Jared "Mr. Ivanka Trump" Kushner, the symbol of nepotism that the Malignant Loser brought into the White House along with his lusted-after daughter Ivanka, apparently has written a memoir, and it's everything you'd imagine from a smug rich boy who joined his father-in-law's business and thought he too could "fix it." New York Times book reviewer Dwight Garner was ready with a rapier and hot coals to apply to master Jared's fanny:
"The United States Secret Service isn’t known for its sense of humor, but when it gave Jared Kushner the code name “mechanic,” was someone betting that he’d call his memoir “Breaking History”?
It’s a title that, in its thoroughgoing lack of self-awareness, matches this book’s contents. Kushner writes as if he believes foreign dignitaries (and less-than dignitaries) prized him in the White House because he was the fresh ideas guy, the starting point guard, the dimpled go-getter.
He betrays little cognizance that he was in demand because, as a landslide of other reporting has demonstrated, he was in over his head, unable to curb his avarice, a cocky young real estate heir who happened to unwrap a lot of Big Macs beside his father-in-law, the erratic and misinformed and similarly mercenary leader of the free world. Jared was a soft touch." (our emphasis)
OK, so tell us what you really think:
“'Breaking History' is an earnest and soulless — Kushner looks like a mannequin, and he writes like one — and peculiarly selective appraisal of Donald J. Trump’s term in office. Kushner almost entirely ignores the chaos, the alienation of allies, the breaking of laws and norms, the flirtations with dictators, the comprehensive loss of America’s moral leadership, and so on, ad infinitum, to speak about his boyish tinkering (the 'mechanic') with issues he was interested in.
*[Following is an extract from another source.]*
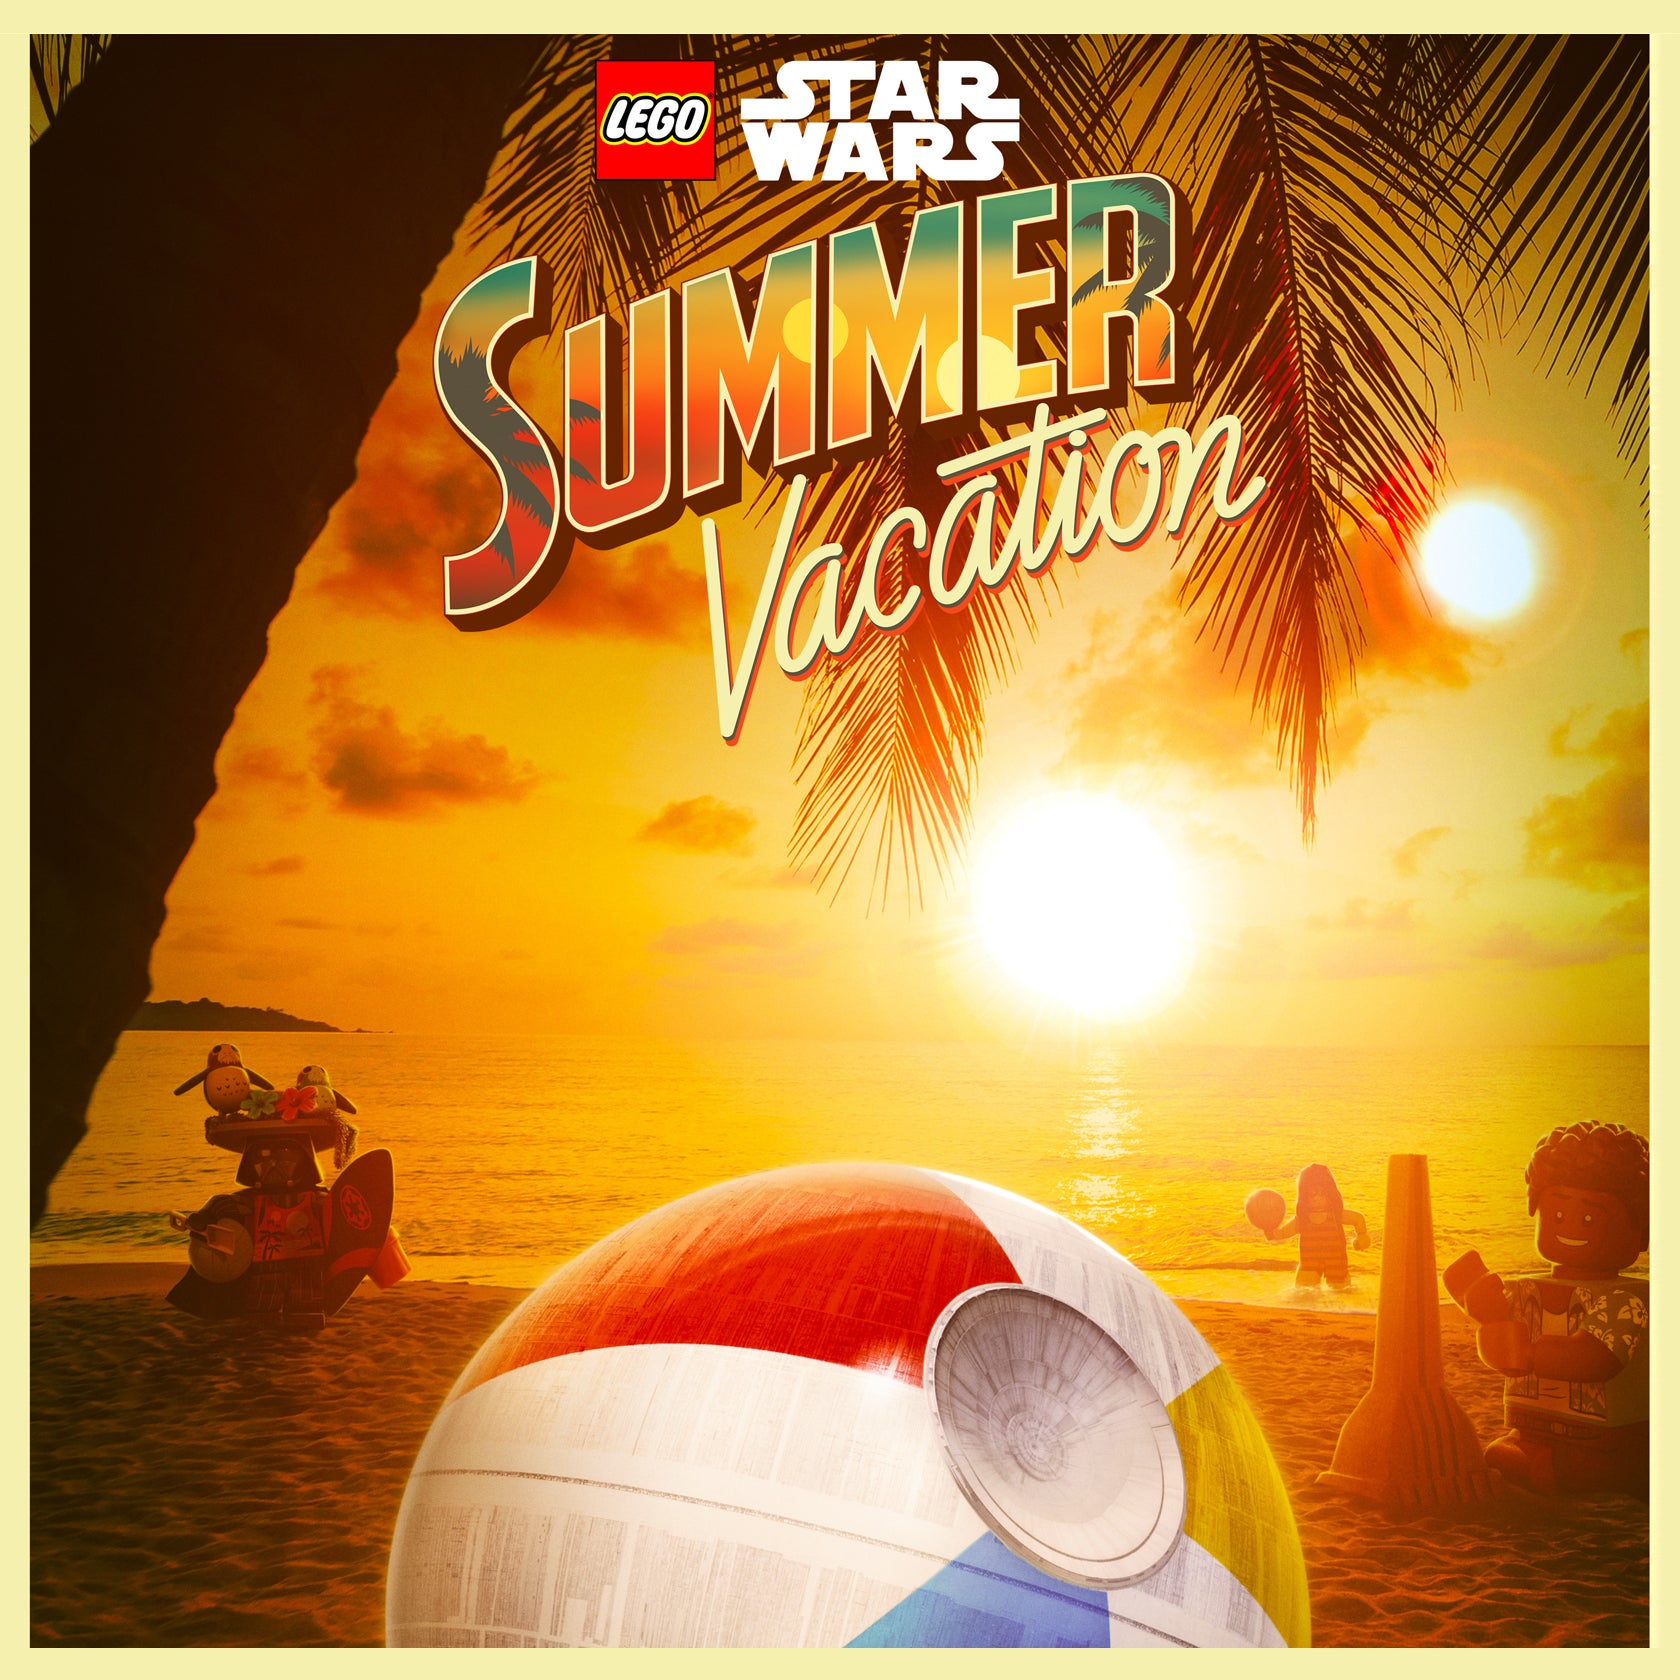 LEGO Star Wars Summer Vacation Revealed

This book is like a tour of a once majestic 18th-century wooden house, now burned to its foundations, that focuses solely on, and rejoices in, what’s left amid the ashes: the two singed bathtubs, the gravel driveway and the mailbox. Kushner’s fealty to Trump remains absolute. Reading this book reminded me of watching a cat lick a dog’s eye goo."
The entire review is a masterpiece. We predict Kushner's book will hit the discount bin faster than you can say "what about the $2 billion Saudi bribe for you?"